[Source material]

========================================

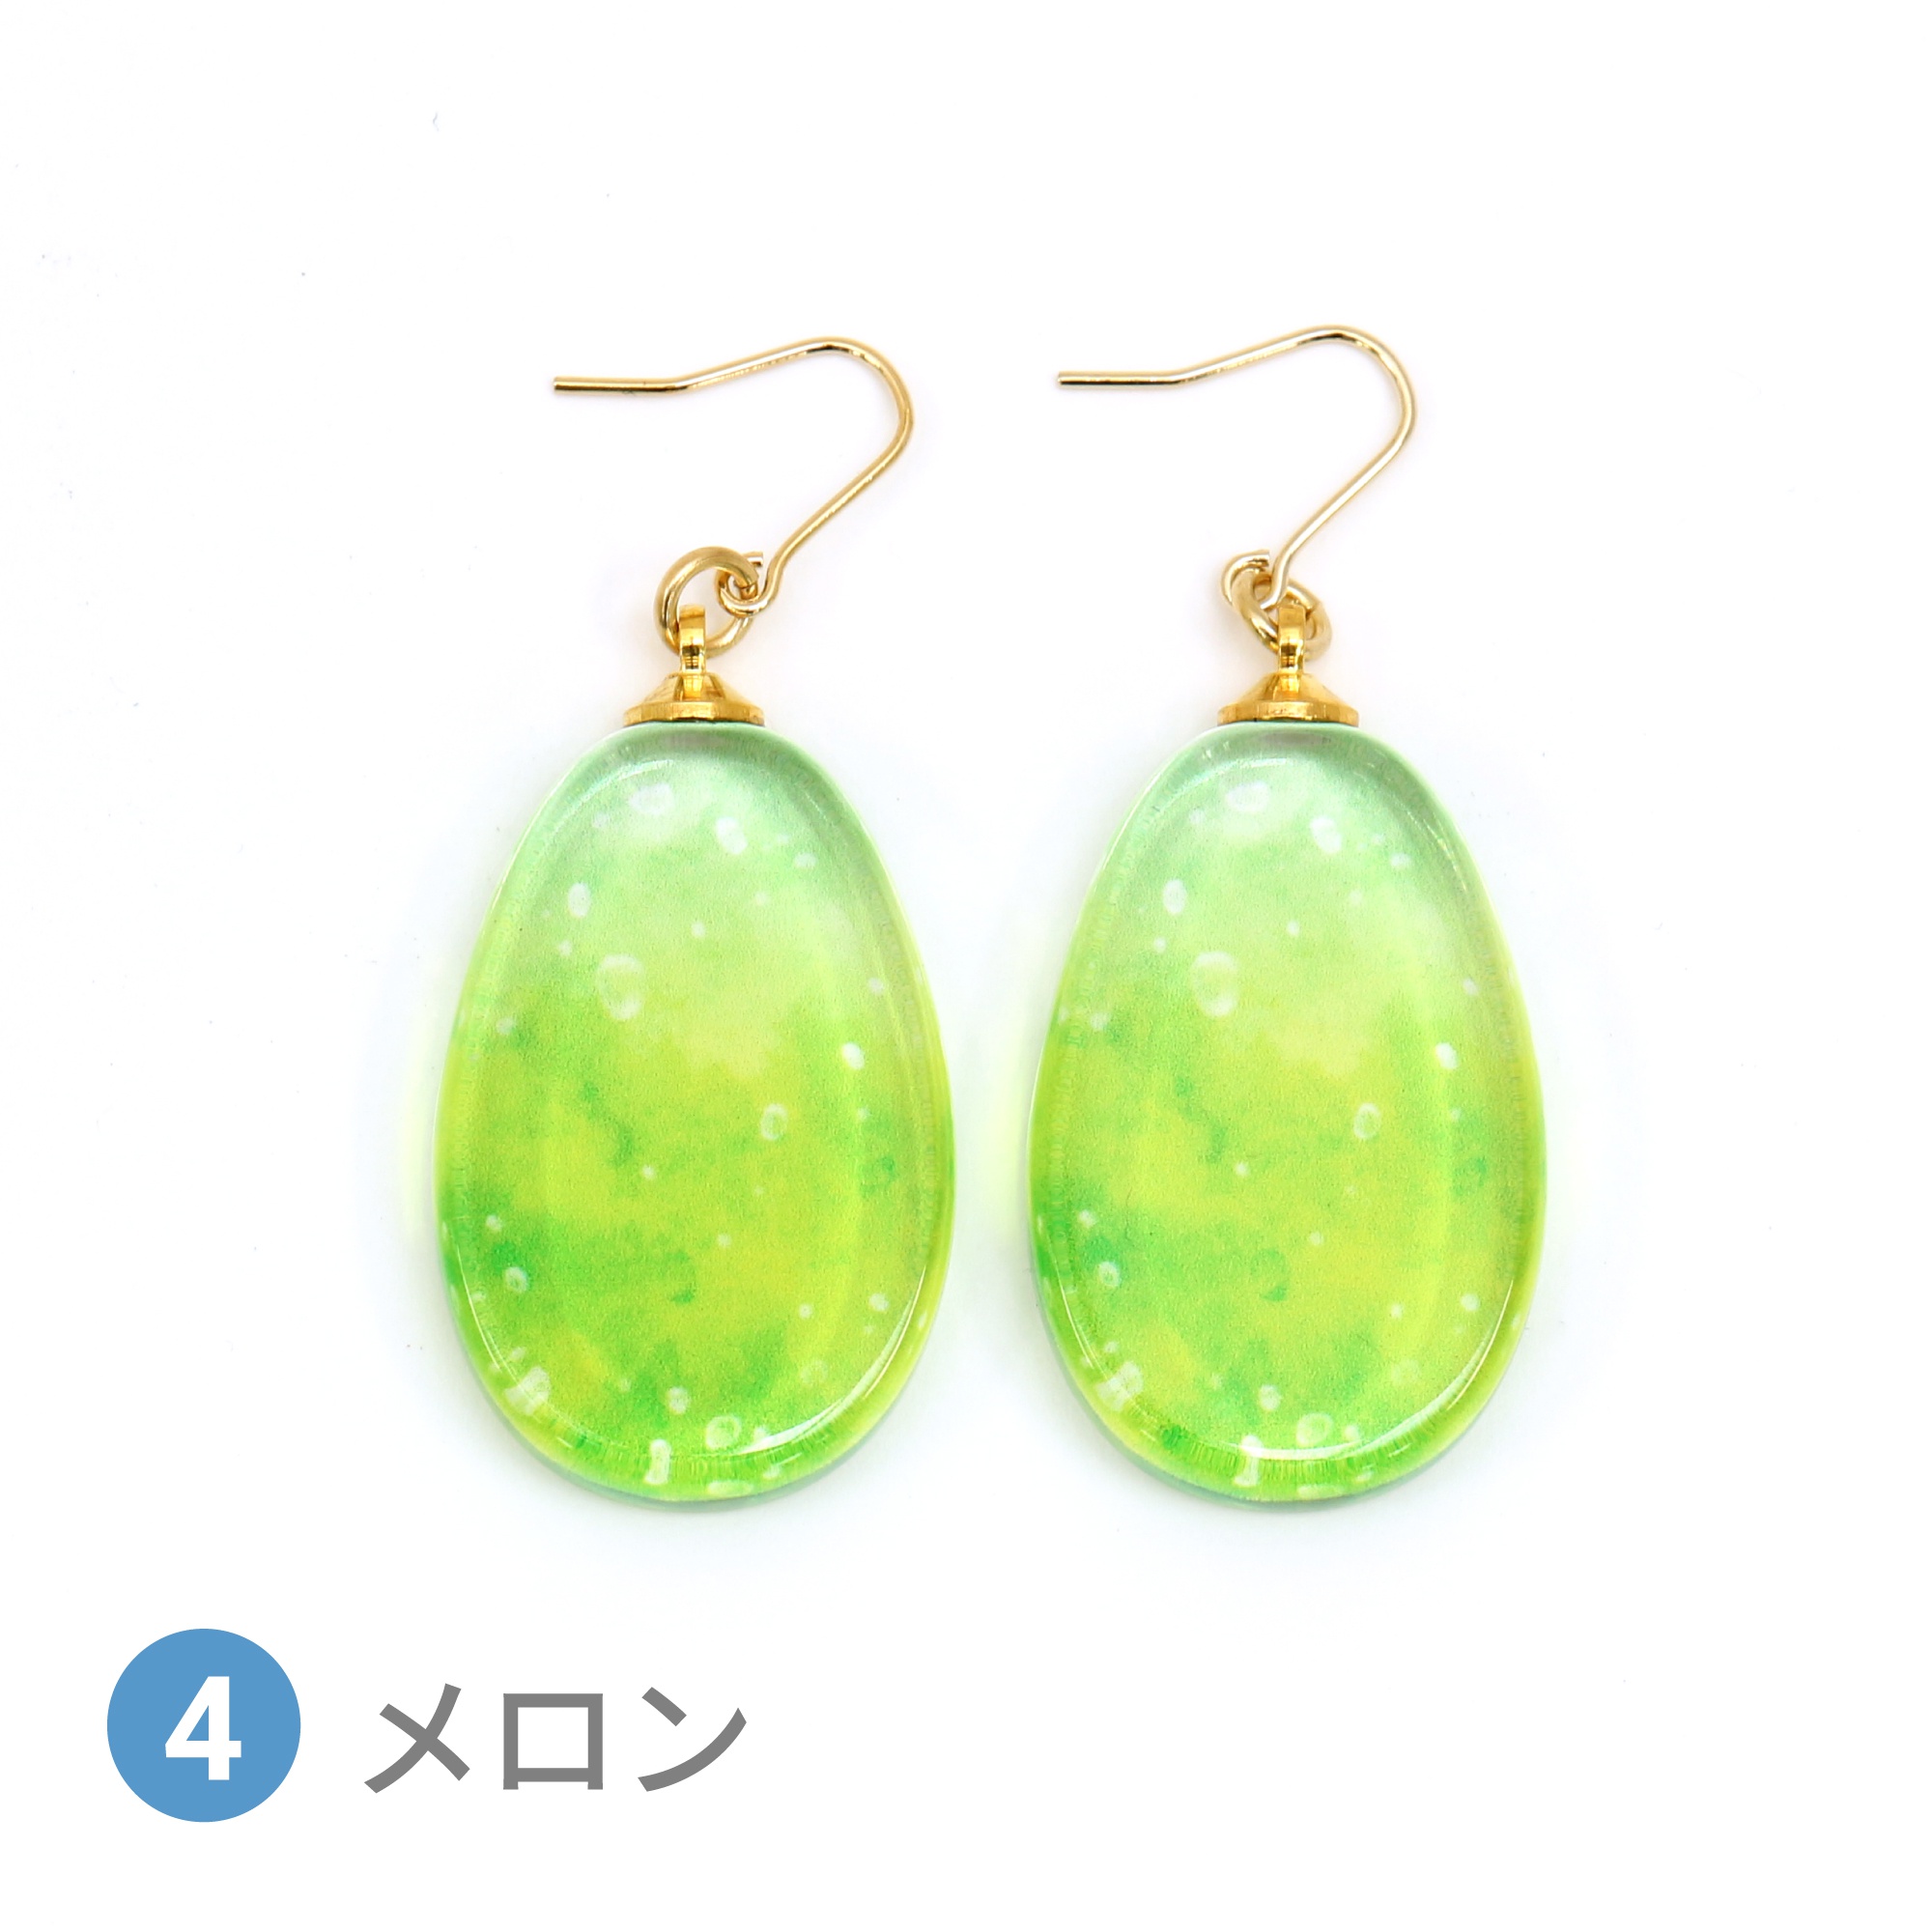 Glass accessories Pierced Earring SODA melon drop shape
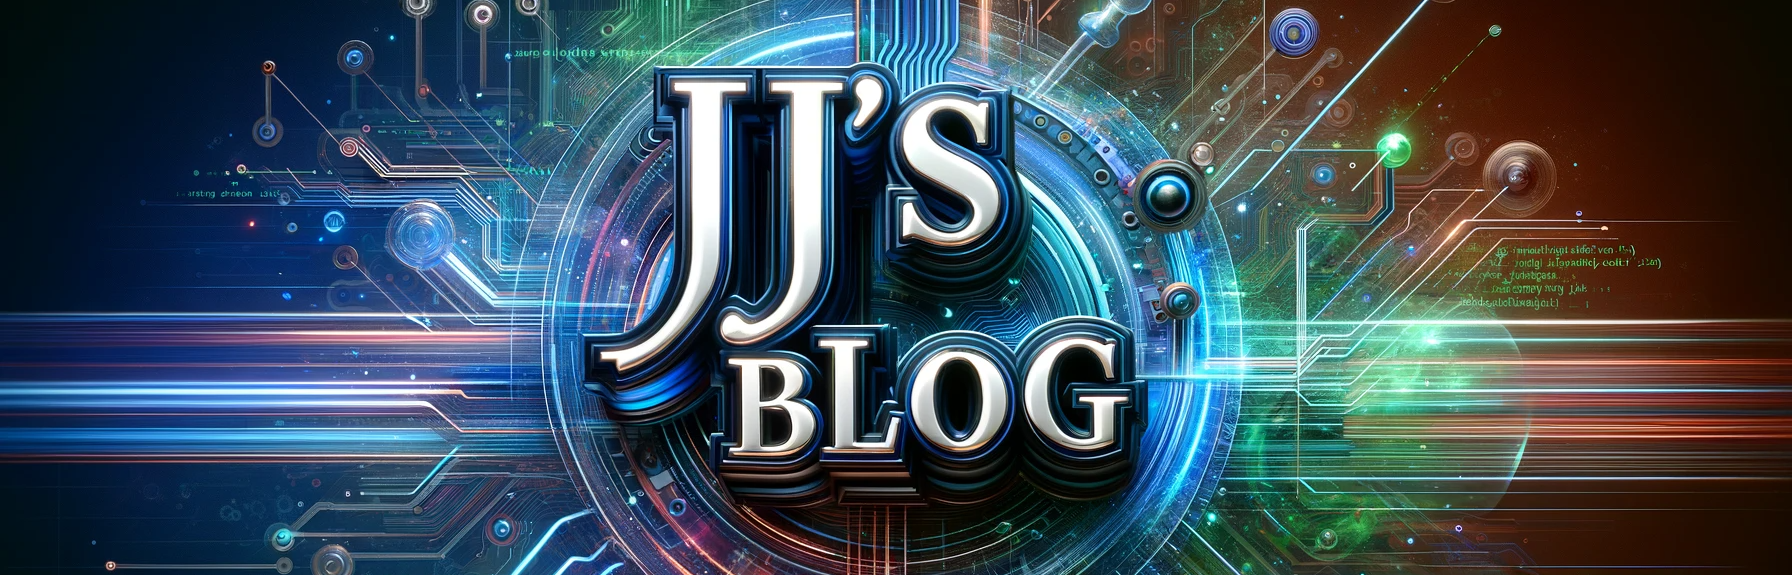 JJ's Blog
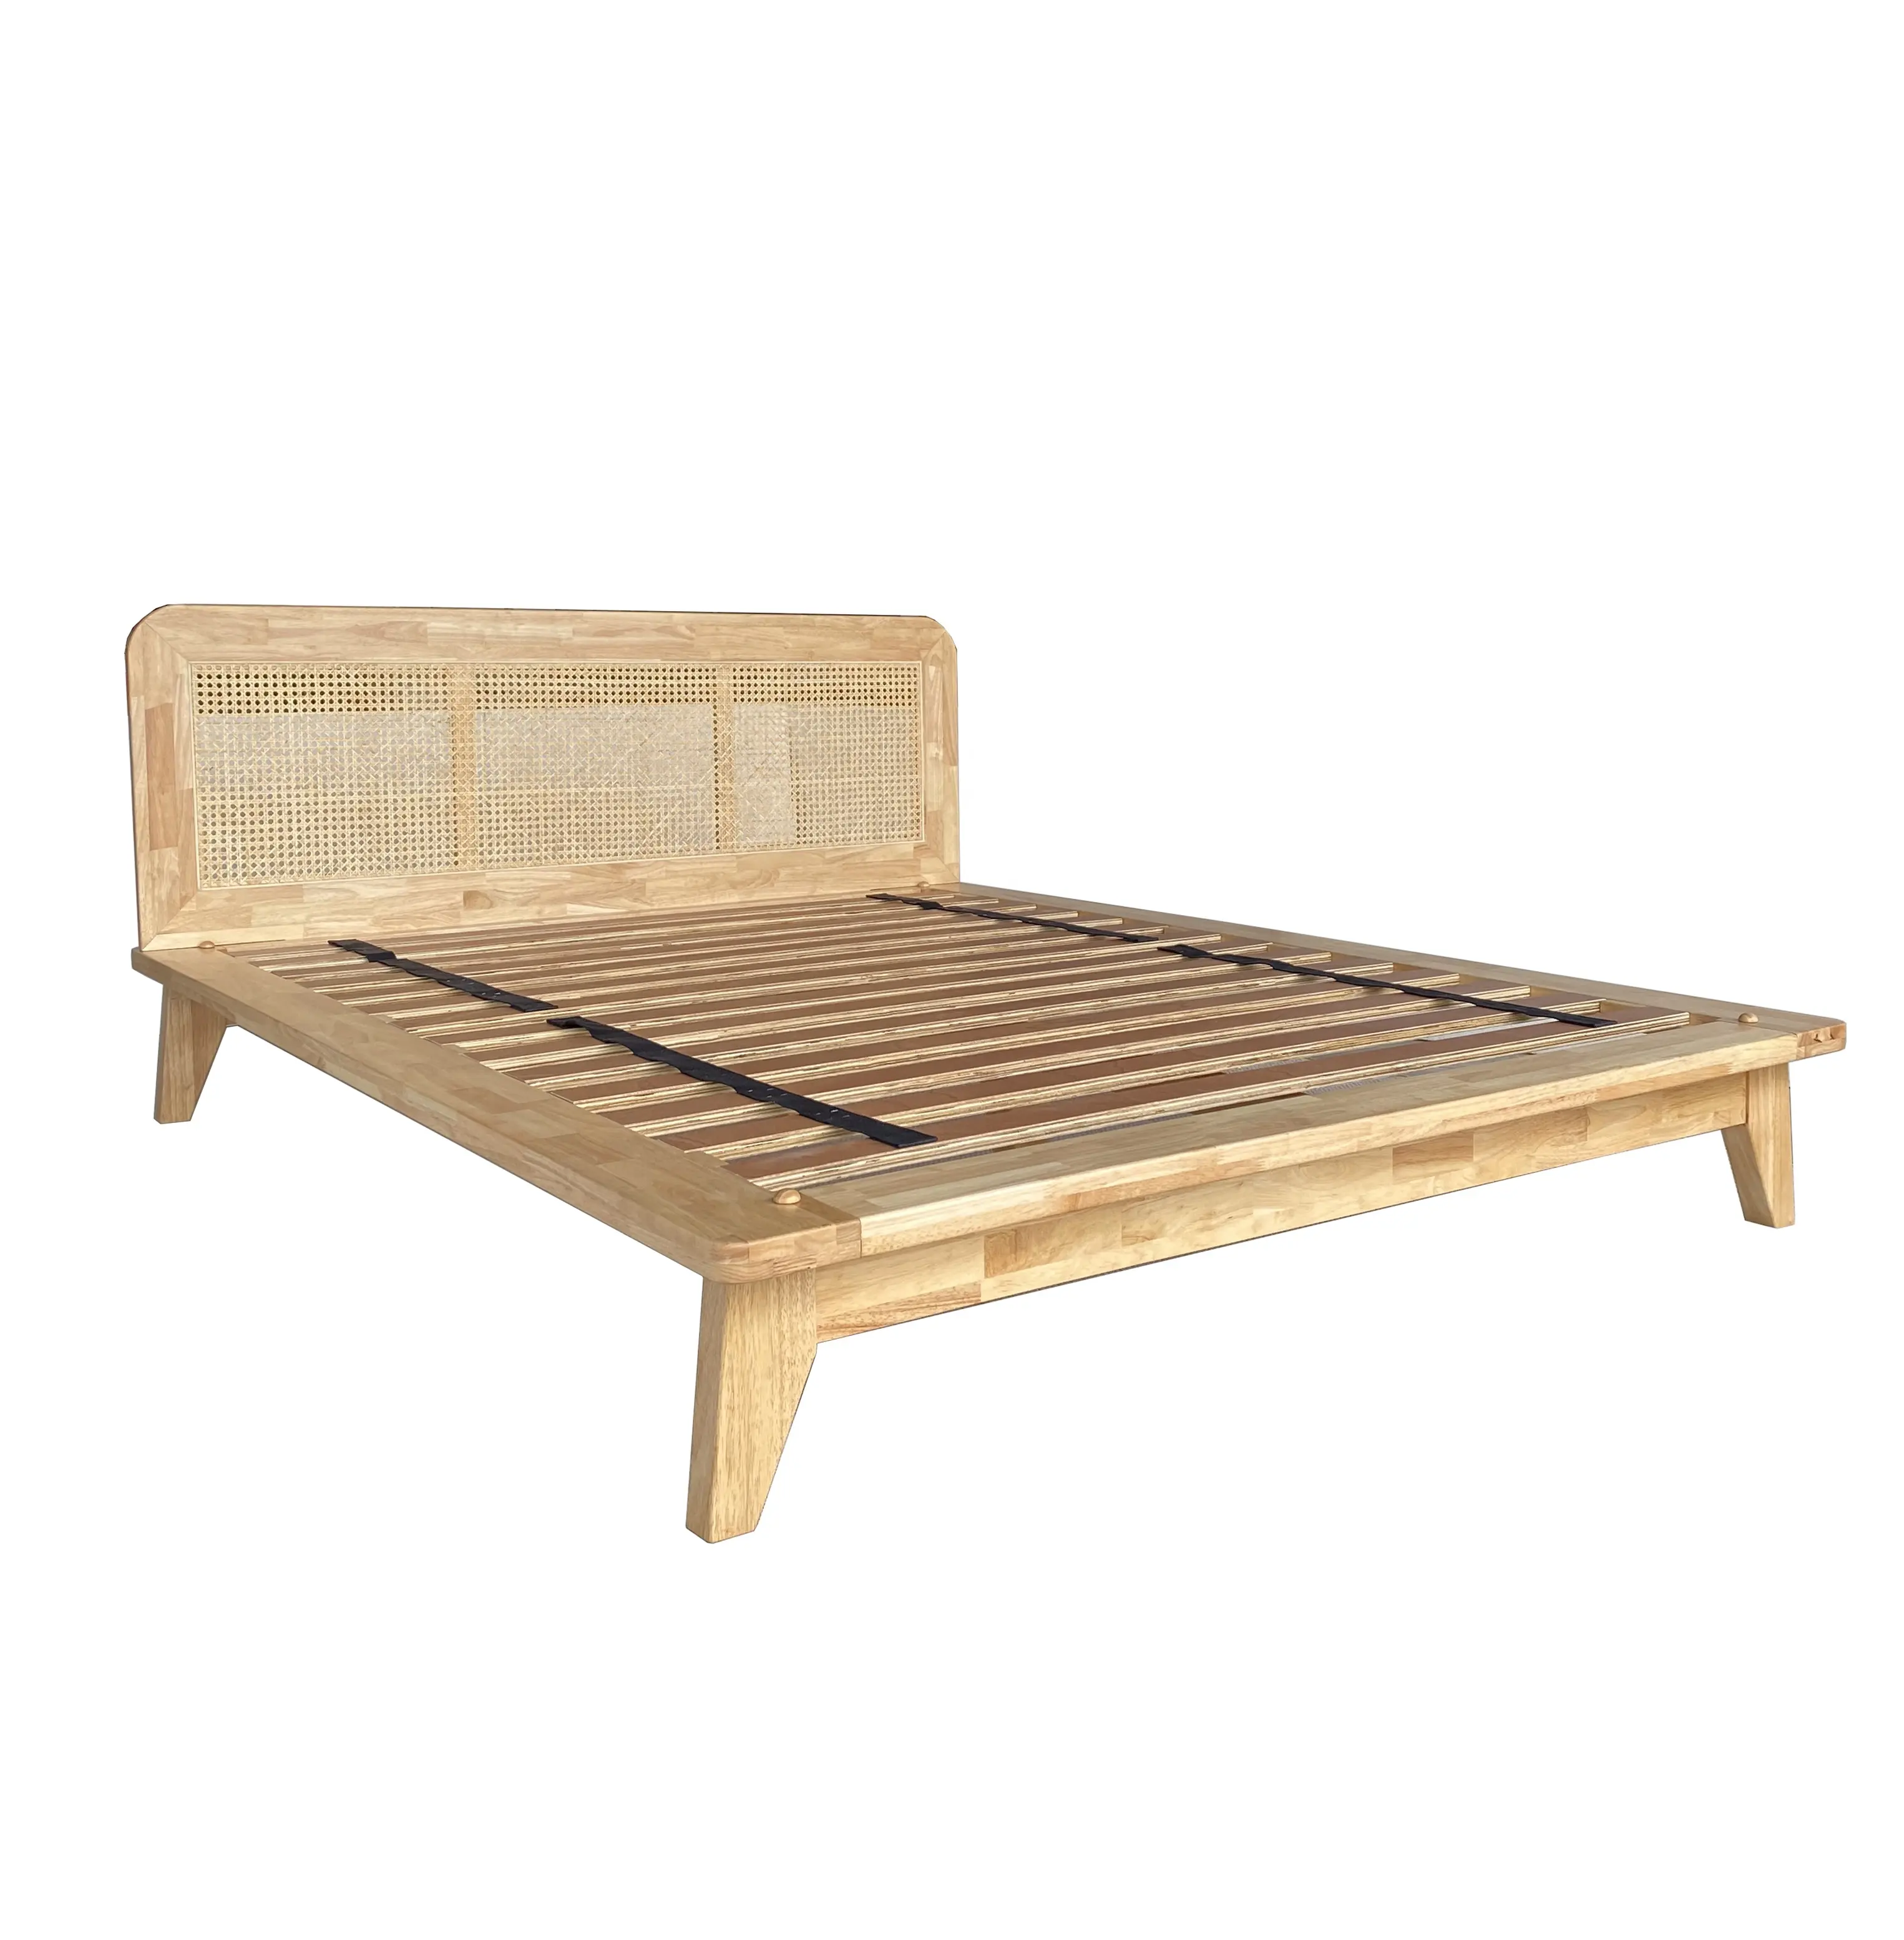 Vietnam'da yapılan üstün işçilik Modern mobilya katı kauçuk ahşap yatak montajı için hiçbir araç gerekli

========================================

What is needed is an exact reproduction of the data, pictures excluded.

 Glass accessories Pierced Earring SODA melon drop shape
 JJ's Blog
 Vietnam'da yapılan üstün işçilik Modern mobilya katı kauçuk ahşap yatak montajı için hiçbir araç gerekli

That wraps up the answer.